I had the opportunity to have some wonderful teachers from kindergarten through graduate school, but like most people, a few of them stand out above all of the rest. Last Sunday I learned that my seventh grade English teacher Beverly Goodwin died after a battle with cancer.
Mrs. Goodwin was one of my childhood neighbors in the Chapel Heights subdivision and I’ve known her my entire life. Before she was my teacher, I remember her bringing her daughter Gwyn swimming at Mac and Sylvia McGukin’s swimming pool which was our neighborhood country club during the summer months. She was always so gracious, so kind, such the Southern lady.
After my sixth grade year at Central Middle School, the upperclassmen warned me to prepare for the biggest challenge of my school career. No, I wasn’t going up against Muhammad Ali and Joe Frazier. I was going up against Beverly Goodwin and Marilyn Coulon.
I’ll never forget feeling terrified of both teachers the first day of school. Rumor had it that they were intellectually brilliant, which made their classes incredibly challenging and each of them quite intimidating.
What I discovered and experienced, however, wasn’t Ali and Frazier. Mrs. Goodwin and Mrs. Coulon were not my opponents. They were on my side.
I honestly believe that I could have passed any college English course after the seventh grade. That’s how good they were.
Mrs. Goodwin made sure her students learned the different parts of speech and actually made learning pronouns fun as she would have her students sounding like a chorus as we would chant “I, you, he, she, it, we, you, they.” This may not sound like fun, but when a group of seventh graders say “she” followed by “it” really fast — it’s quite entertaining. Mrs. Goodwin pretended she didn’t hear this, but 30 years later I can testify her techniques work.
Two of her passions that she passed on to her students were music and dance. She took my class to see “The Nutcracker” at the Fox Theatre in Atlanta. It was my first trip to the Fox Theatre. She loved ballet and wanted to expose her students to this form of dance.
Although I’m amazed at how ballerinas can stand on their toes, I’d rather watch a football game. I do, however, appreciate Mrs. Goodwin for trying to broaden my horizons. I’ve returned to the Fox to see “The Nutcracker” since her class, but I must confess I enjoyed my other trips to the Fox watching George Strait, Robin Williams, John Denver, James Taylor and George Carlin much better.

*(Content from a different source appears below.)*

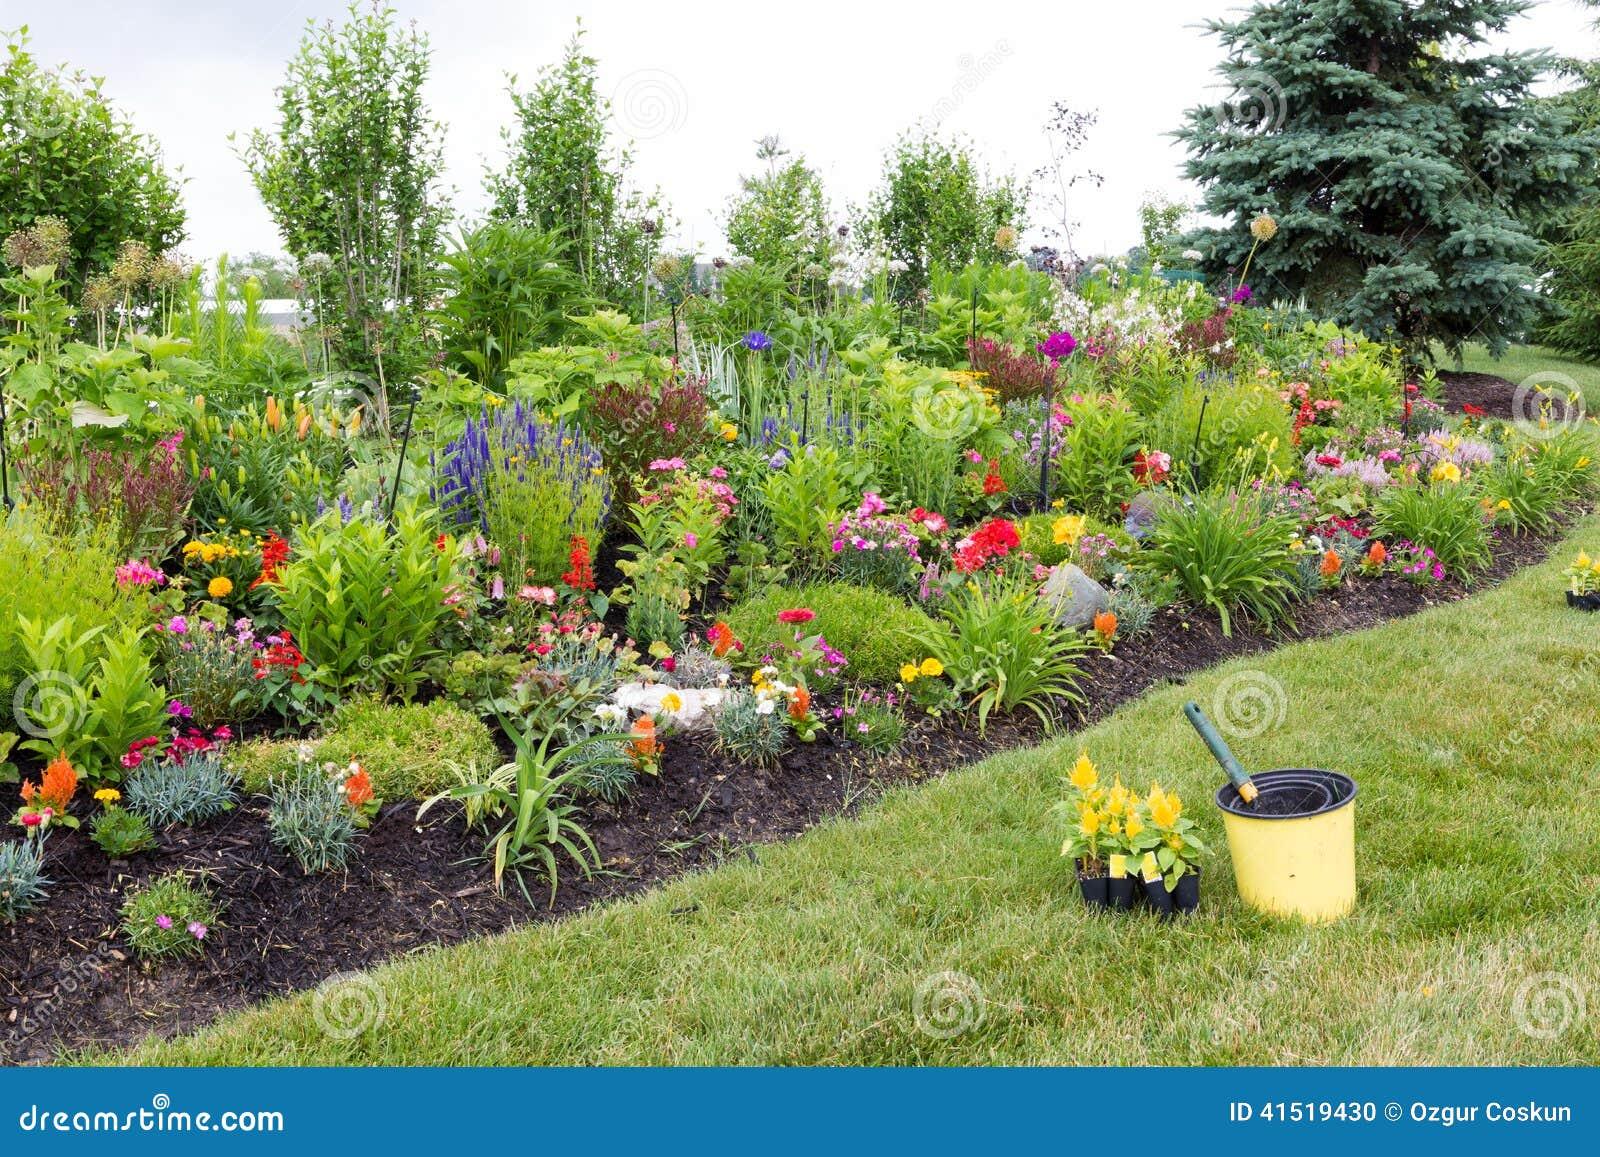 Planten In Tuin : Het planten van gele celosia in een kleurrijke tuin stock foto

One of Mrs. Goodwin’s favorite events was the seventh grade graduation ceremony that she orchestrated. For weeks, she led her students in singing the soundtrack from the “Sound of Music” to perform in the graduation ceremony.

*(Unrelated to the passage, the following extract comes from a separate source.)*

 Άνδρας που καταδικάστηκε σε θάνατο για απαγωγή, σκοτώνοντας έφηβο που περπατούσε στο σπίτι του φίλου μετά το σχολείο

There’s no doubt that my classmates at Central Middle School probably still know the words to the “Sound of Music” soundtrack better than Julie Andrews.
She made sure each male student wore a tie and each female wore a dress for the event. Also, Mrs. Goodwin even lined my classmates from tallest to shortest as we marched on stage. In case you were wondering — John Ayers and I were the caboose.
Cancer is an ugly disease. Mrs. Goodwin was first diagnosed with cancer during my seventh grade year in 1982. She missed about two months of the school year. Her time away could have been viewed as a break from her rigorous curriculum, but my classmates longed for her to return. Again, she was that good.
Thankfully, she would eventually defeat this first bout with the disease and return to teaching. She spent 40 years in the classroom. I’m one of the lucky ones who got to experience her. Our paths crossed for only a short school year, but each time I use a comma or try to even choose a better word for sentence — I can’t help but think about her.